The current scheme has the WWLRT integrated with the railway corridor west of the CNE, and there doesn’t appear to be any provision for serving new development along the corridor.  All they want to do is get to Sunnyside. 

In A Grand Plan I have proposed two additional routes that need to find their way through the railway corridor.  One is a Weston/Airport service and the other is a Don Mills/Downtown service.  I am not convinced that either of these should run over the existing or planned streetcar network.  Indeed, a Weston service would be tricky to integrate with the existing trackage because it would cross Bathurst in the area of Front Street. 

The trackage from Exhibition Loop, east along the soon-to-be-rebuilt Fleet Street and Queen’s Quay to Union, plus the planned eastern waterfront line are or will be designed to serve local markets.  A Weston or Don Mills route, as well as a WWLRT, may be better sited on a separate route through the railway lands.  Whether one exists or not, I don’t know.  A topic for study.

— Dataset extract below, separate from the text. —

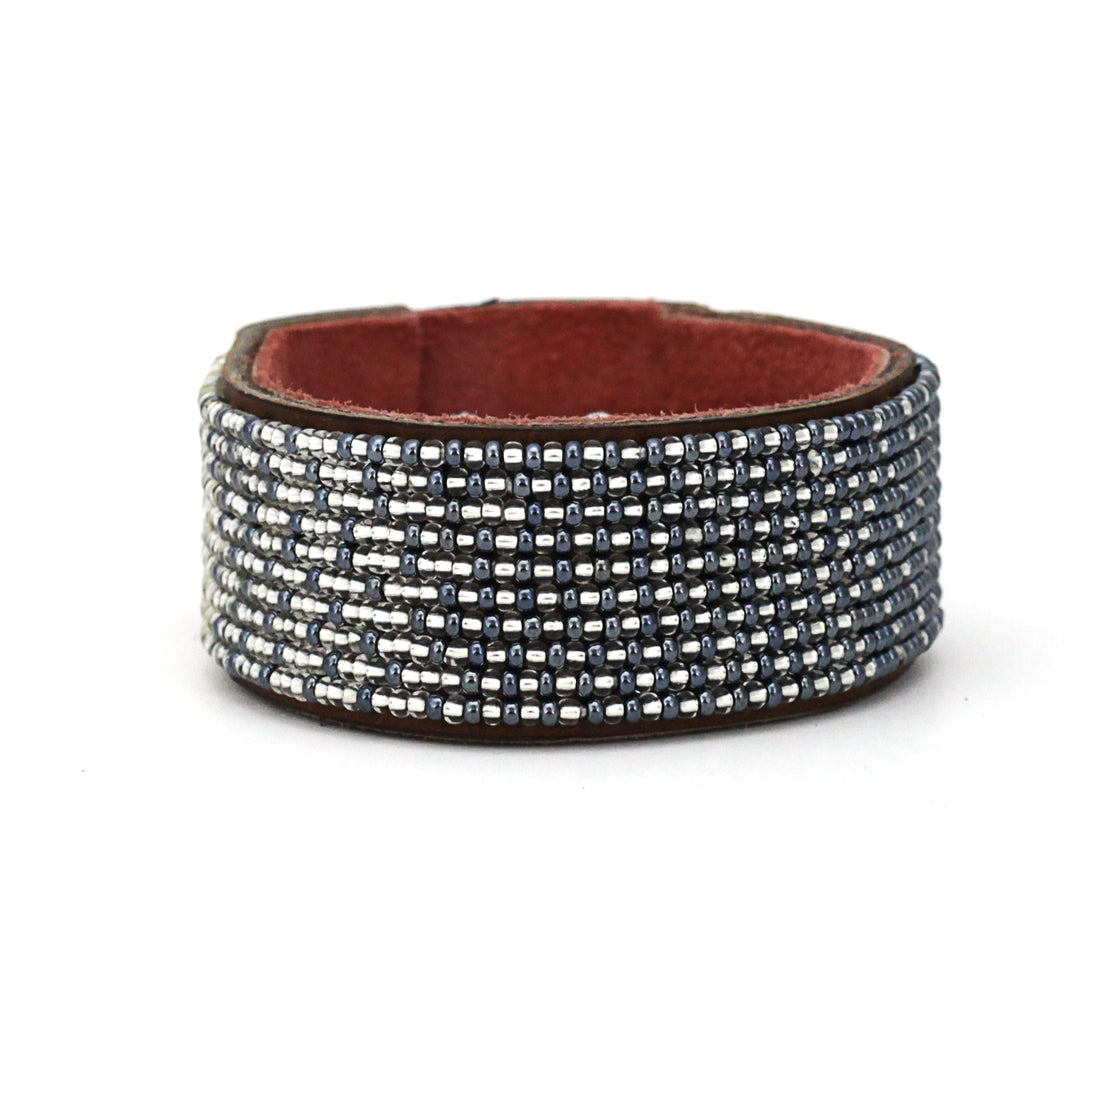 Ombre Slate and Silver Beaded Leather Cuff

There is some irony in the fact that we seem to be better at redesigning the road network — look at Fort York Boulevard, Bremner Boulevard (extended to Bathurst) and the proposed FSE — than we are at redesigning transit.  Transit lines get sandwiched into whatever leftover space we can wrangle, they put up with traffic signals that make the term transit priority a joke, and they piddle along with crossings at every lamppost where conflicting traffic holds up the streetcars.